Near-space Balloon Photos
April 20, 2010 10:05 AM   Subscribe

The Icarus Project is Robert Harrison's " home brew project to send a camera high into the stratosphere to take pictures of the Earth from near space". Found via this AskMe answer; previously there was Project Icarus, with a similar goal.
posted by TedW (13 comments total) 8 users marked this as a favorite
Holy shit, those Flickr videos!!
posted by Atom Eyes at 10:24 AM on April 20, 2010

Brian: Are you The Icarus Project?
Reg: Bugger off!
Brian: What?
Reg: The Icarus Project! We're Project Icarus! The Icarus Project, God!

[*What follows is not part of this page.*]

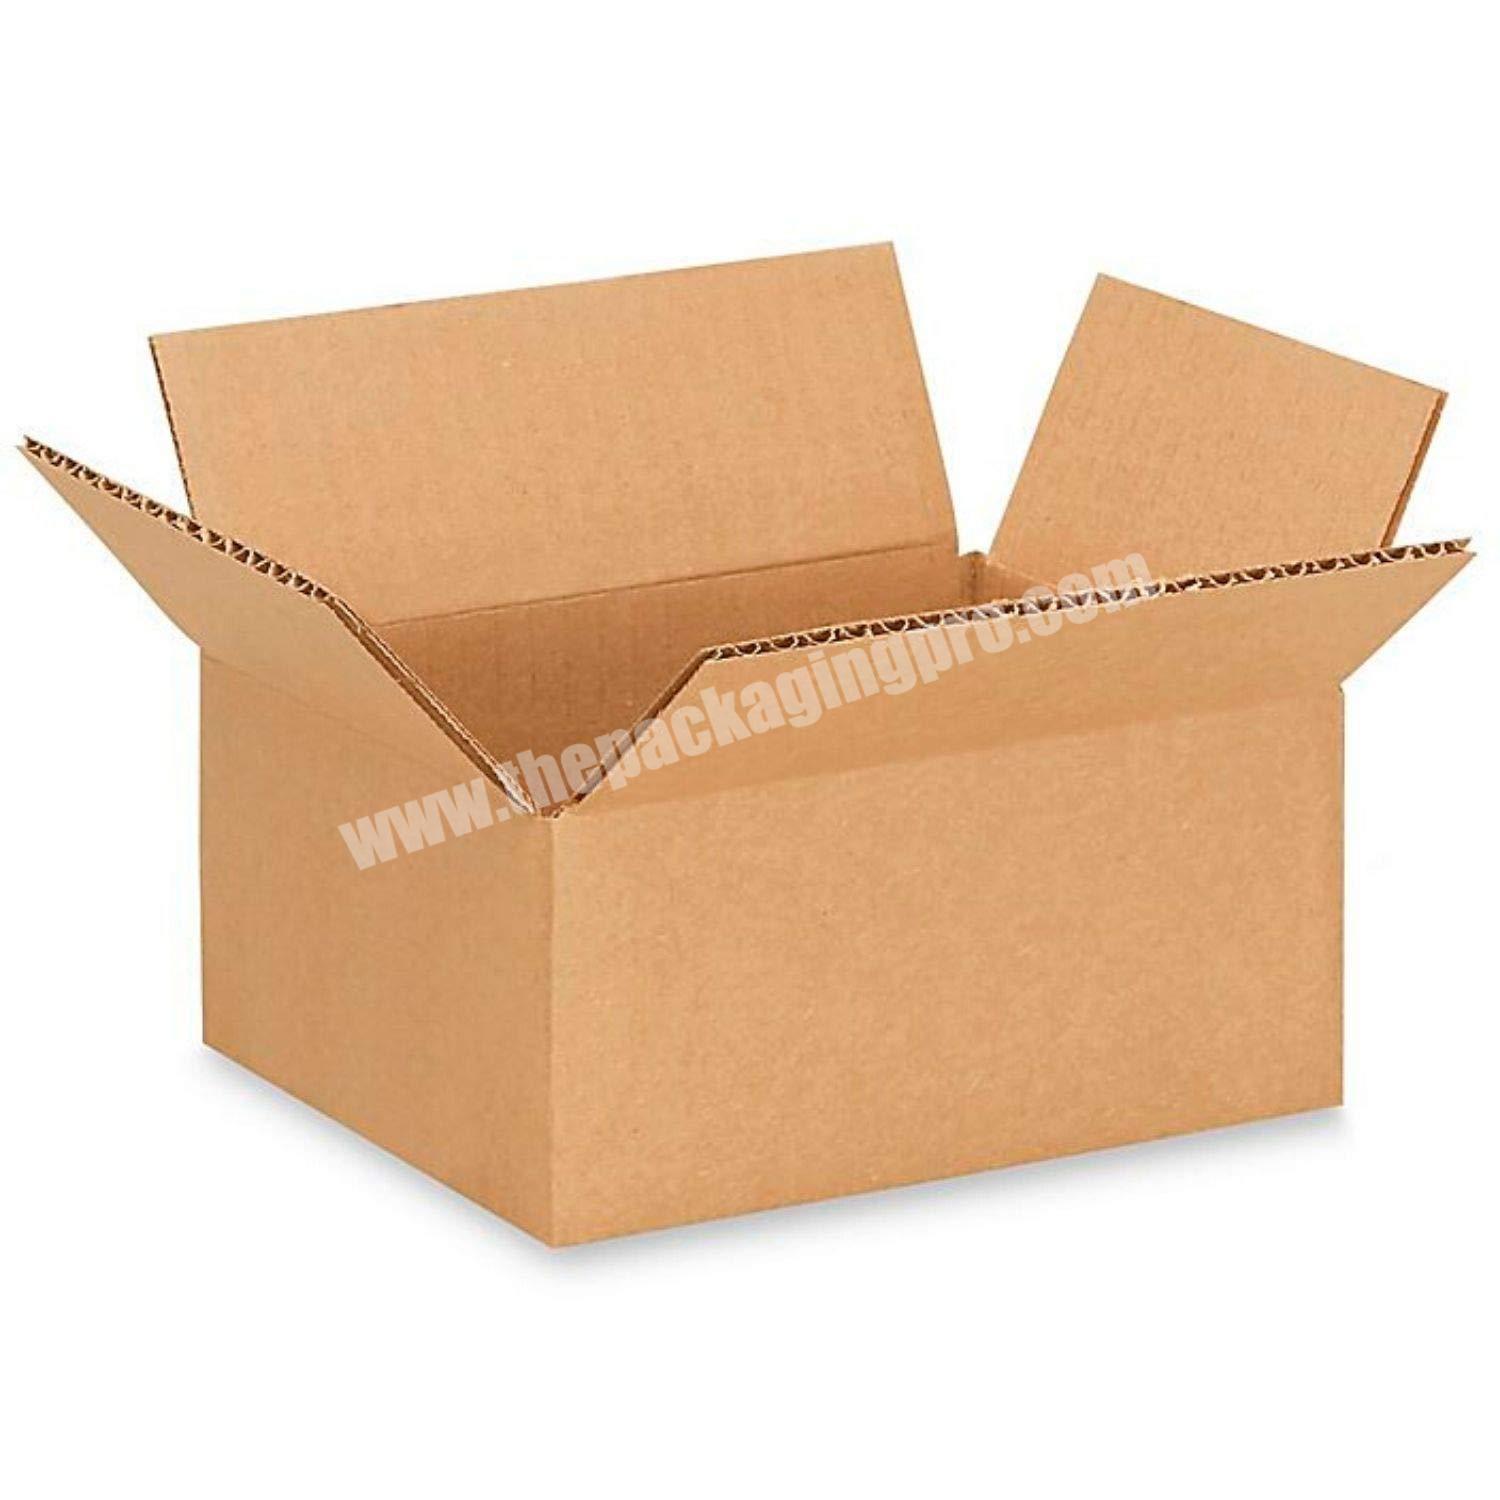 5 layers Custom Printed Cardboard Paper Box Heavy Duty Mailing Packing Shipping Box Recycled Storage Corrugated Carton

Those pictures make me a bit woozy. Something about the off-kilter view of the horizon and nothing between the viewer (me) and the great beyond.
posted by filthy light thief at 10:30 AM on April 20, 2010 [2 favorites]

The circuit's dead.
posted by jquinby at 10:45 AM on April 20, 2010

So this is what happens when you stop believing in gravity.
posted by Hicksu at 10:57 AM on April 20, 2010

By 2015, near-space pictures of earth had become the norm. Light sensitivity had improved so much that most camera manufacturers dispensed with the flash and replaced it with a pop-out balloon.

In 2016, self-described 'anti-entrepreneur' Grant M. A. Braech announced the Sisyphus Project, in which he undertook to produce a body of work consisting only of pictures taken from within earth's gravity well. But within months, angry investors were seeking their money back, after Braech 'accidentally' entered near-earth orbit when a floatibus in which he was riding was diverted due to a minor traffic accident and Braech neglected to deactivate his retinal recorder.
posted by anigbrowl at 11:09 AM on April 20, 2010

It's awesome that they did this with $150 worth of equipment. And they've found a suitably ambitious next challenge: a transatlantic flight.
posted by jjwiseman at 11:33 AM on April 20, 2010

I guess I'm the only one who got really excited thinking this was about an initiative to brew beer in space, right?...
posted by mannequito at 11:42 AM on April 20, 2010

OK, so the camera goes up 30K feet and then.....

Achieves near-Earth orbit? Comes plummeting down to Earth? 32.18 feet per second increasing every second until it hits terminal velocity, approximately 113 feet per second....

Try not to stand underneath it.
posted by zarq at 12:24 PM on April 20, 2010

This had already been done back in the sixties.
posted by rfs at 12:50 PM on April 20, 2010

Comes plummeting down to Earth?

It deploys a parachute on the way back down, zarq, slowing to apparently 10mph

Robert Harrison was also responsible for sending up and photographing a copy of The Sun newspaper as part of its 40th anniversary celebrations.

Ironically small world disclosure: I was Facebook Official with his sister last year, though I have never met Robert.
posted by Sparx at 2:12 PM on April 20, 2010

It deploys a parachute on the way back down, zarq, slowing to apparently 10mph

Ah! :) Thanks.
posted by zarq at 2:14 PM on April 20, 2010

I aim to found The Daedalus Project, whose mission is to warn The Icarus Project that they're making a terrible mistake, possibly using dense modernist prose.
posted by kersplunk at 3:50 PM on April 20, 2010

Personally, I'm a fan of The Register's PARIS project (Paper Airplane Released Into Space). They plan to send a balloon into the upper stratosphere and release a paper airplane.